Article

Innovating with Wikimedia decision making

An essay by Lodewijk Gelauff on Wikimedia decision-making, consensus processes, and the wiki-polis prototype.

Author: Lodewijk Gelauff
Status: Published content

Wikipedia has proven to be a great concept to bring together different viewpoints on various really tough topics, presented in the form of encyclopedia articles. While many people complain about how they don't like the viewpoint of a specific article, or even the entire slate of articles, this kind of criticism would probably be true for any source nowadays. The Wikipedia community does this through an approach based on fundamental trust in the ability of its users to collaborate; on open-source spirit of mutual help, and a liberating invitation for people to 'be bold' and just fix the mistakes. It also puts faith in conversations, through 'talk pages' connected to every article.

Below, I will make the case why I think that Wikipedia communities often do not live up to their intent to be inclusive in internal policy making, that our policies are more conservative than we realize, and that …

When I talk to my friends in some of the larger editing communities across the world, I hear very different stories about our ability to make decisions internally. In a way, that is hardly surprising: Wikipedians are a peculiar type of people, who are often more motivated by content than by process. And that is ok. However, when I ask those same friends what their editorial and behavioral policies look like compared to a few years ago, the same story resonates over and over again: the policies are often written in the early 2000s, and haven't changed much. Not because they didn't want to, but because it's quite hard to.

Notable exceptions here are projects that are small enough to fit in a room: they can simply meet, online or offline, and agree on a new direction. The exact size will likely depend on the amount of trust, cultural coherence etc, but communities where you can recognize all your colleagues by their style of writing are fundamentally different from communities where you occasionally wonder why someone isn't an admin yet. Another notable deviation is the communities that incorporate the policies of another project as a rule (usually English Wikipedia).

I am myself active on Dutch Wikipedia, one of those sizable communuities with a lot of policies from the 2000s. We added some policies (the 2005/2006 Biographies of Living People and the Universal Code of Conduct), but serious rewrites have always been doomed to fail.

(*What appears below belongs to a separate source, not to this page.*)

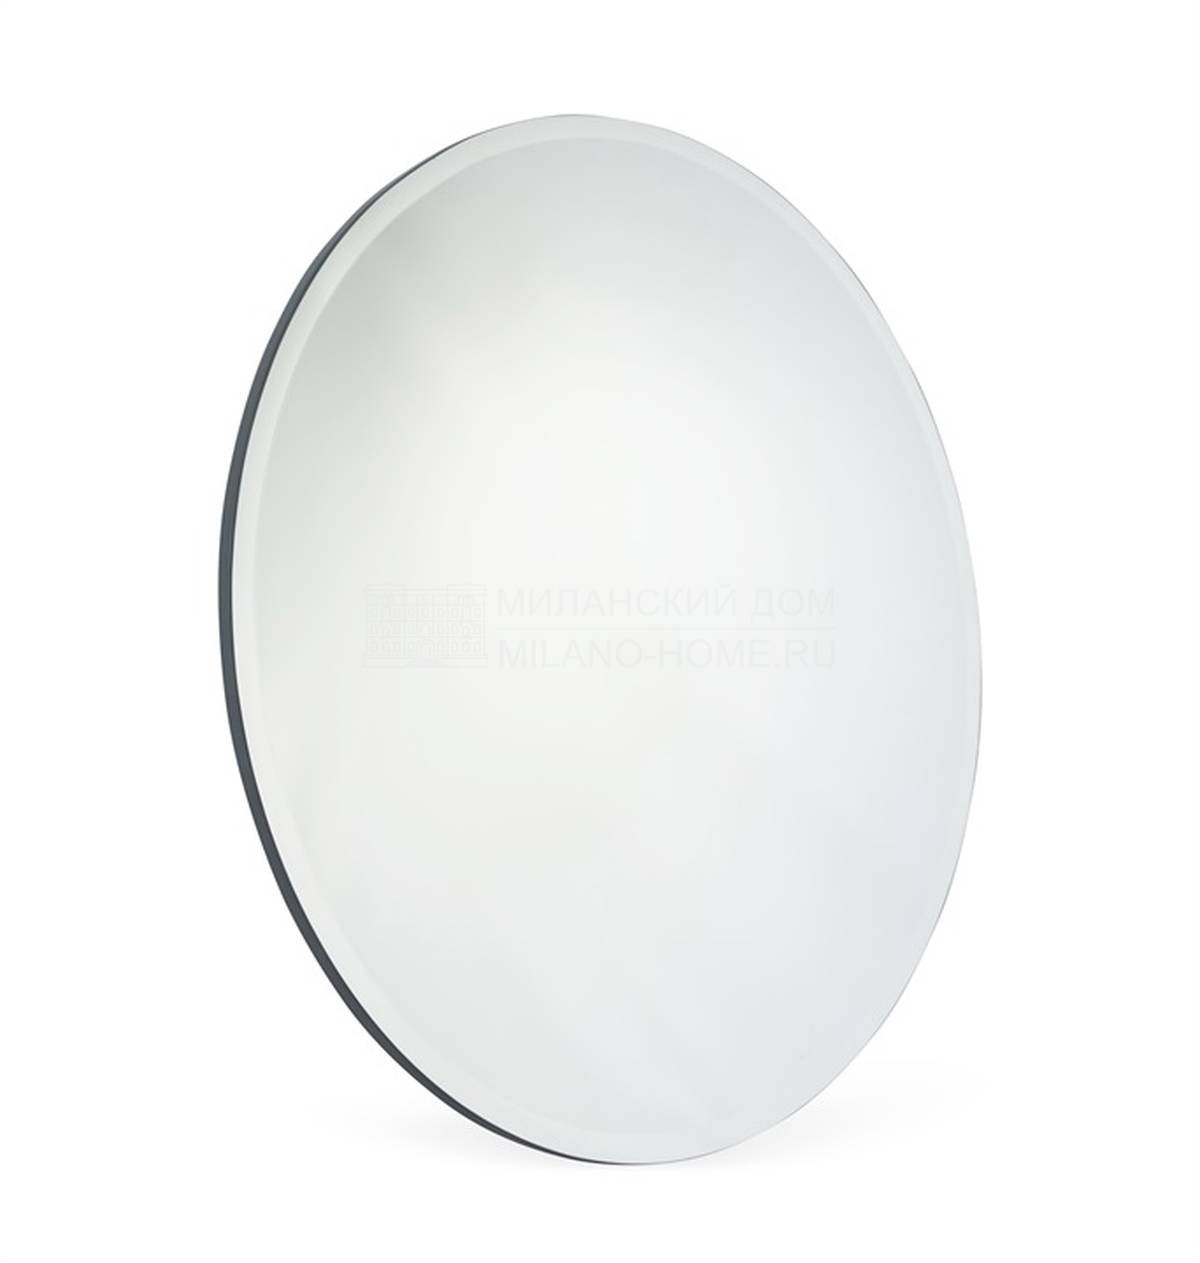 Зеркало настенное Olivia mirror из Великобритании фабрики THE SOFA & CHAIR Company

They can often be expanded within reason, new rules can be added… but it's really hard to agree to rethink how we do things. That is not because these policies are so great.

Implementing change in an organization is a notoriously hard thing to begin with (e.g. Anderson, 2022). In our Wikimedia universe, we seem to have encoded even more thresholds to make it hard to change policies, whether these are formalized or implied.

While I'm still trying to get a good grasp on the full breadth of Wikimedia's policy world, my understanding is that there are generally a spectrum is between "consensus based" policy making on one extreme and "voting based" procedures. English Wikipedia for example, has an interesting blend of the two, based on the Requests for Comments process. This lies mostly on the consensus-side of this spectrum.

The open-source developers that were a driving force within the Wikipedia community in 2001 was likely more familiar than most people nowadays what the Request for Comments process is supposed to look like. The process is often used in deciding on standards, through formal rounds of feedback on a proposal, such as a new standard. This makes the process very suitable for a policy where you want to make sure that all the experts can weigh in with their best expectations to get an almost-objectively true result.

The way many policy discussions work out in practice in Wikimedia is a bit more tricky. In the case of a Request for Comments, the proposal is written out by a small group of users, that often may have an incentive to push the policy in a direction. The proposal is then put forward to their colleagues, who can discuss and criticize the proposal, but at the same time they will give opinions on whether it should be adopted or not. They may share arguments, they may respond to other arguments, propose specific changes that may make them more amenable to support it, etc. In other words: there's a lot going on.

When a colleague that is not intimately familiar with these processes, tries to participate, that takes quite a lot of reading up to understand what's going on, and what would be an effective way to engage. Not only that, the process encourages the production of enormous amounts of text and discussion, that are nearly impossible to process for a human in reasonable amounts of time. This likely biases the effective engagement to a small group of enthusiasts. The process takes an enormous amount of time investment.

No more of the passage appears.